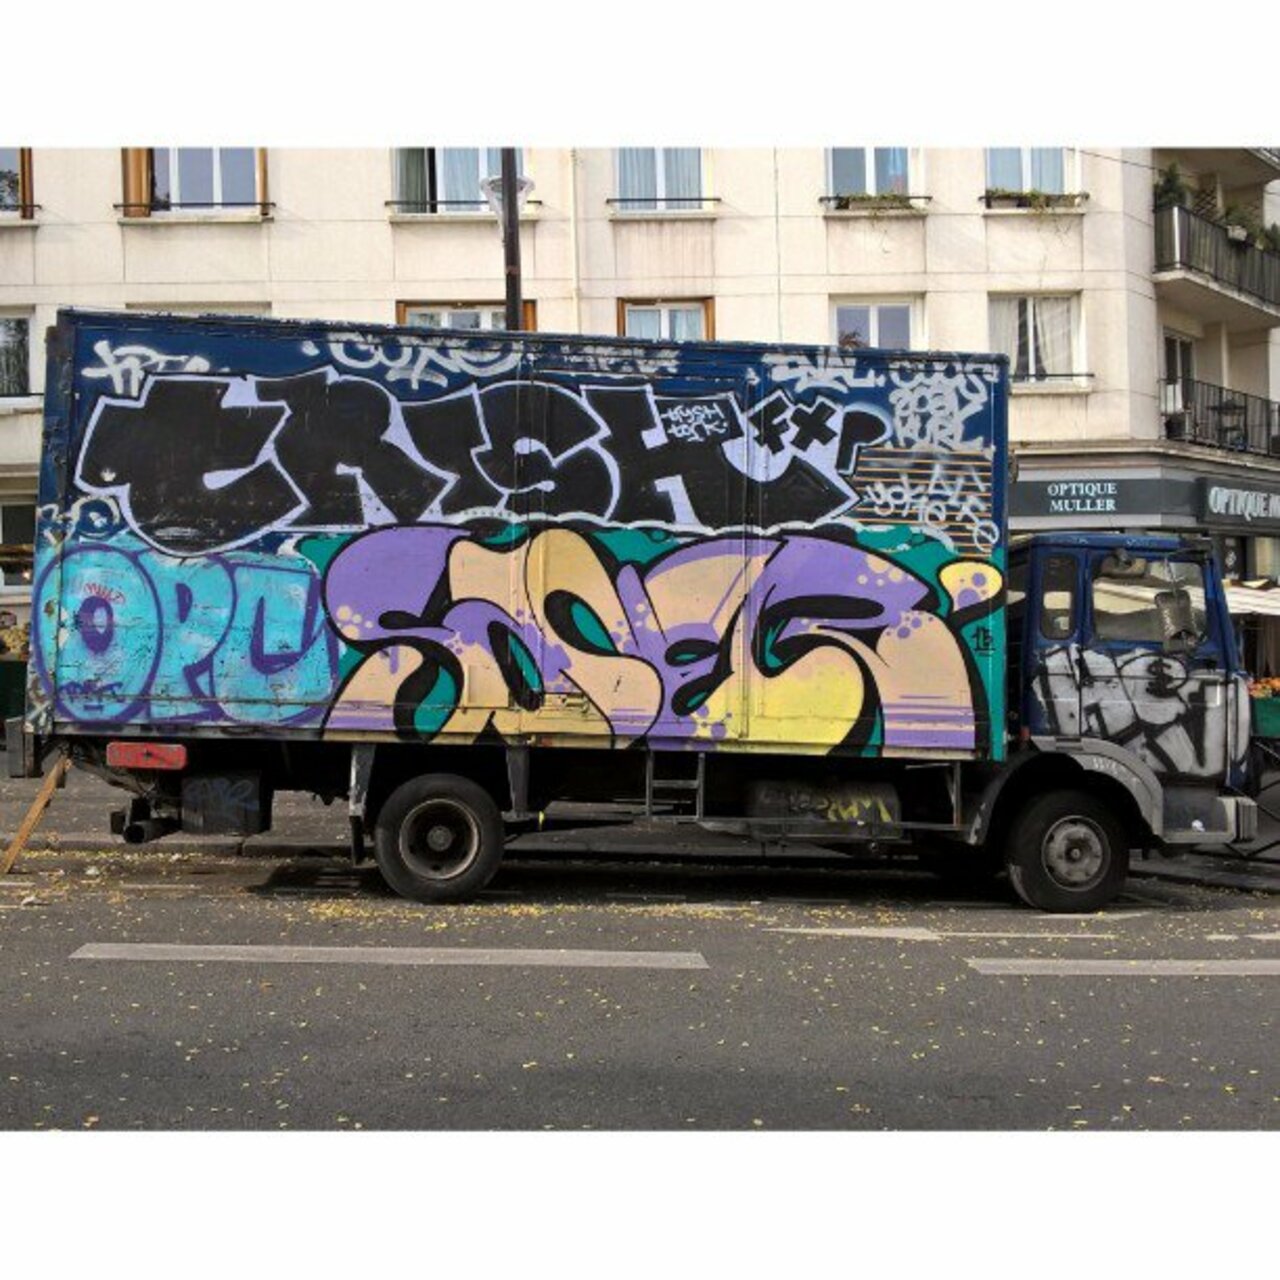 #Paris #graffiti photo by @maxdimontemarciano http://ift.tt/1jGjjNl #StreetArt https://t.co/MtJ4p1q5sX
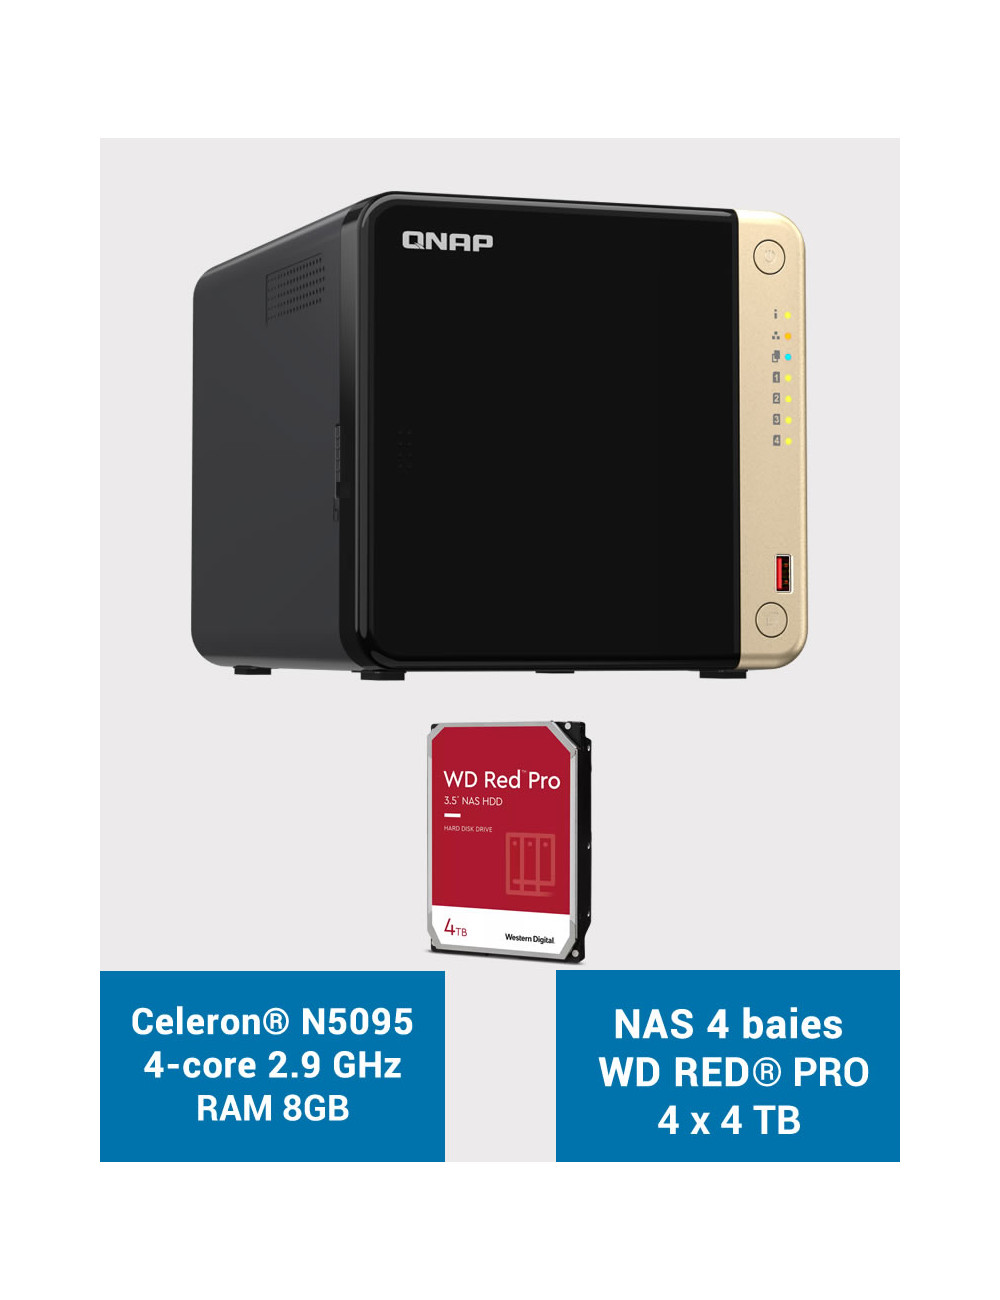 QNAP TS-464 8GB NAS Server 4 bays WD RED PRO 16TB (4x4TB)
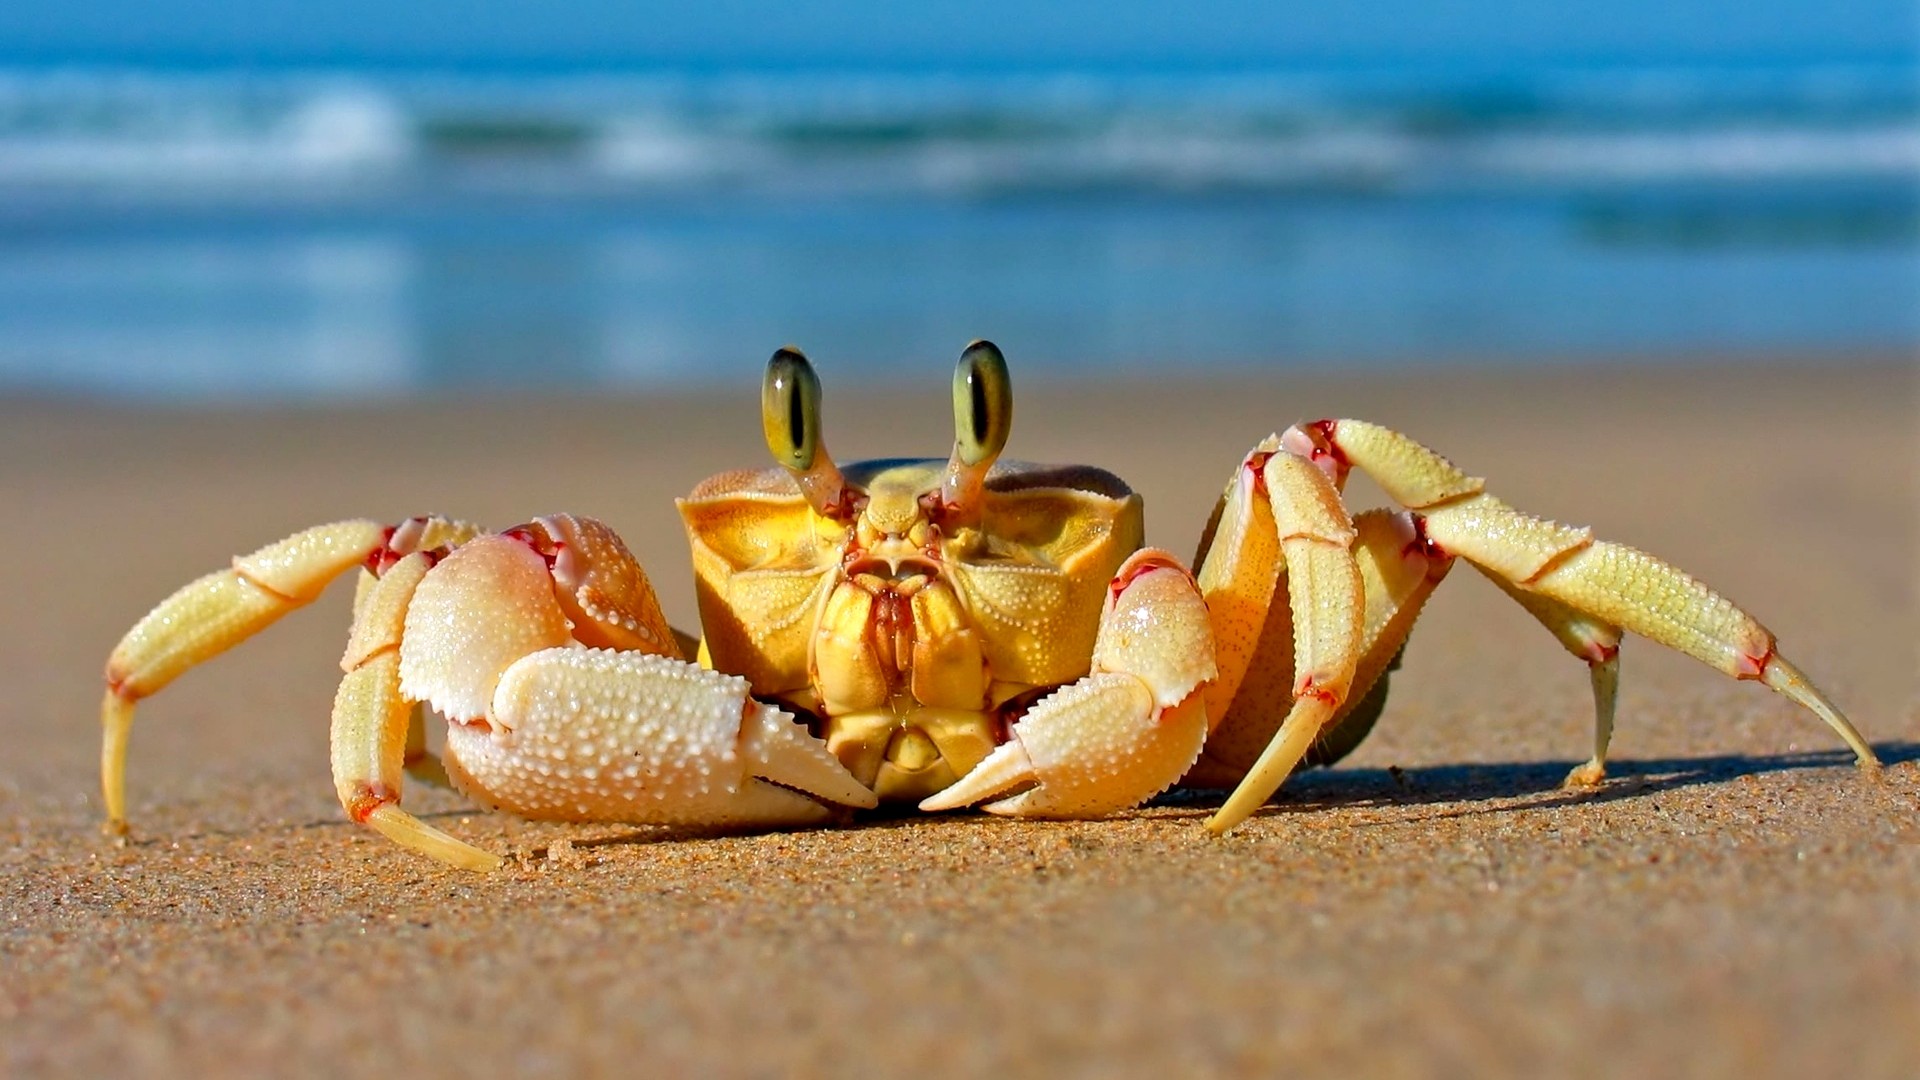 Краб, Средиземное море, песок, смешное, милые животные, Crab, Mediterranean sea, sand, funny, cute animals (horizontal)
◇ ◇ ◇ ◇
> TASK BRIEF:
Copy out, unchanged, the span of lines beginning with the one that includes "QNAP TS-464 8GB" and running through the final line of the material above. Leave the pictures out.

> PROBLEM SOLUTION:
 QNAP TS-464 8GB NAS Server 4 bays WD RED PRO 16TB (4x4TB)
 Краб, Средиземное море, песок, смешное, милые животные, Crab, Mediterranean sea, sand, funny, cute animals (horizontal)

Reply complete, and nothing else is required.